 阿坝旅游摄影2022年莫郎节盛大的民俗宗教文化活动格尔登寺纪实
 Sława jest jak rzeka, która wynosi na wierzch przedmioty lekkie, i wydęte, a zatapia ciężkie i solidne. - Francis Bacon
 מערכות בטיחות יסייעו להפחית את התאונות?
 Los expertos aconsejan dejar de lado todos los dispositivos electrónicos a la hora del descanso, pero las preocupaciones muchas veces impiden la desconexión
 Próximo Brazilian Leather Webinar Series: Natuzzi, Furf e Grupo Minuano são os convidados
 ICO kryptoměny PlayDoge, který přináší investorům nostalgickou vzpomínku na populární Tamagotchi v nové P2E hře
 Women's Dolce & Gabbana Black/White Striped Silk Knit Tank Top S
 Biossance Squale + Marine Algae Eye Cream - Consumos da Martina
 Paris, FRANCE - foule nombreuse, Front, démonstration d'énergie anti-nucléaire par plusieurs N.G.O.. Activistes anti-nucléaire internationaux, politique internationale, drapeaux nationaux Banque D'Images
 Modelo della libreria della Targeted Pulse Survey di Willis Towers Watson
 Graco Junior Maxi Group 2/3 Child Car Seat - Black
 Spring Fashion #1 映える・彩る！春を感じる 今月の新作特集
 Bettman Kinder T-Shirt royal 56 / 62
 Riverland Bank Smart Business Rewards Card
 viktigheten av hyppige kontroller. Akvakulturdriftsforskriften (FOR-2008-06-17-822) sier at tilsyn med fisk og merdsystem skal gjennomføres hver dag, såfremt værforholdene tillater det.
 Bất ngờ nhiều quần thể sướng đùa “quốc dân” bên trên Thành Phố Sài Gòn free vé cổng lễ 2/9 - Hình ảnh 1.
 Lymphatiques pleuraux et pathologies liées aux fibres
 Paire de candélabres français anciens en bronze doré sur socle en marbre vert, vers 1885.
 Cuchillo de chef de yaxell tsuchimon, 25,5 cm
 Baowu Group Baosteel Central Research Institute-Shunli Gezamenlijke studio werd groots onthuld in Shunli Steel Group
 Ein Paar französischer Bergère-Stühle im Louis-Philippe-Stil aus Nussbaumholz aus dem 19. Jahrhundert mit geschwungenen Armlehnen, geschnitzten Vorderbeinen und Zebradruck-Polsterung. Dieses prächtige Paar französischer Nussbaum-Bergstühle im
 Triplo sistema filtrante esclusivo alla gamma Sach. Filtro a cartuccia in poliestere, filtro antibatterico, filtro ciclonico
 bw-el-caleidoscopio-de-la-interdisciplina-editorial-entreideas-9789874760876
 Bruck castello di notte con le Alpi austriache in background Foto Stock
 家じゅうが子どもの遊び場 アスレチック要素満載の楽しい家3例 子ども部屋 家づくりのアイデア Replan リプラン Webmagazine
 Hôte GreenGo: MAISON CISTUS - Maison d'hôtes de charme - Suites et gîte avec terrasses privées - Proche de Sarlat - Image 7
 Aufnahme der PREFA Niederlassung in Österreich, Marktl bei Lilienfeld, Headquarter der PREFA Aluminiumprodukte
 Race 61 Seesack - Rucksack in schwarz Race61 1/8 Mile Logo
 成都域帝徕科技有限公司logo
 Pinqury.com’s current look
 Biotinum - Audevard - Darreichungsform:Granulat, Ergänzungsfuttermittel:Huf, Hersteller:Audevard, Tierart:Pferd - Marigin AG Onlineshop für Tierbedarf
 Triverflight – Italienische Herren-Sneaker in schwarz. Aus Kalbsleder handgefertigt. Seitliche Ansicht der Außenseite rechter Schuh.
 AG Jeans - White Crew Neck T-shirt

◆ ◆ ◆ ◆ ◆ ◆ ◆

= EXERCISE PROMPT =
Lines from the one with "家じゅうが子どもの遊び場 アスレチック要素満載の楽しい家3例 子ども部屋" through the last line above must be printed exactly; no other line is to appear.

= RESULT FOR THIS TASK =
 家じゅうが子どもの遊び場 アスレチック要素満載の楽しい家3例 子ども部屋 家づくりのアイデア Replan リプラン Webmagazine
 Hôte GreenGo: MAISON CISTUS - Maison d'hôtes de charme - Suites et gîte avec terrasses privées - Proche de Sarlat - Image 7
 Aufnahme der PREFA Niederlassung in Österreich, Marktl bei Lilienfeld, Headquarter der PREFA Aluminiumprodukte
 Race 61 Seesack - Rucksack in schwarz Race61 1/8 Mile Logo
 成都域帝徕科技有限公司logo
 Pinqury.com’s current look
 Biotinum - Audevard - Darreichungsform:Granulat, Ergänzungsfuttermittel:Huf, Hersteller:Audevard, Tierart:Pferd - Marigin AG Onlineshop für Tierbedarf
 Triverflight – Italienische Herren-Sneaker in schwarz. Aus Kalbsleder handgefertigt. Seitliche Ansicht der Außenseite rechter Schuh.
 AG Jeans - White Crew Neck T-shirt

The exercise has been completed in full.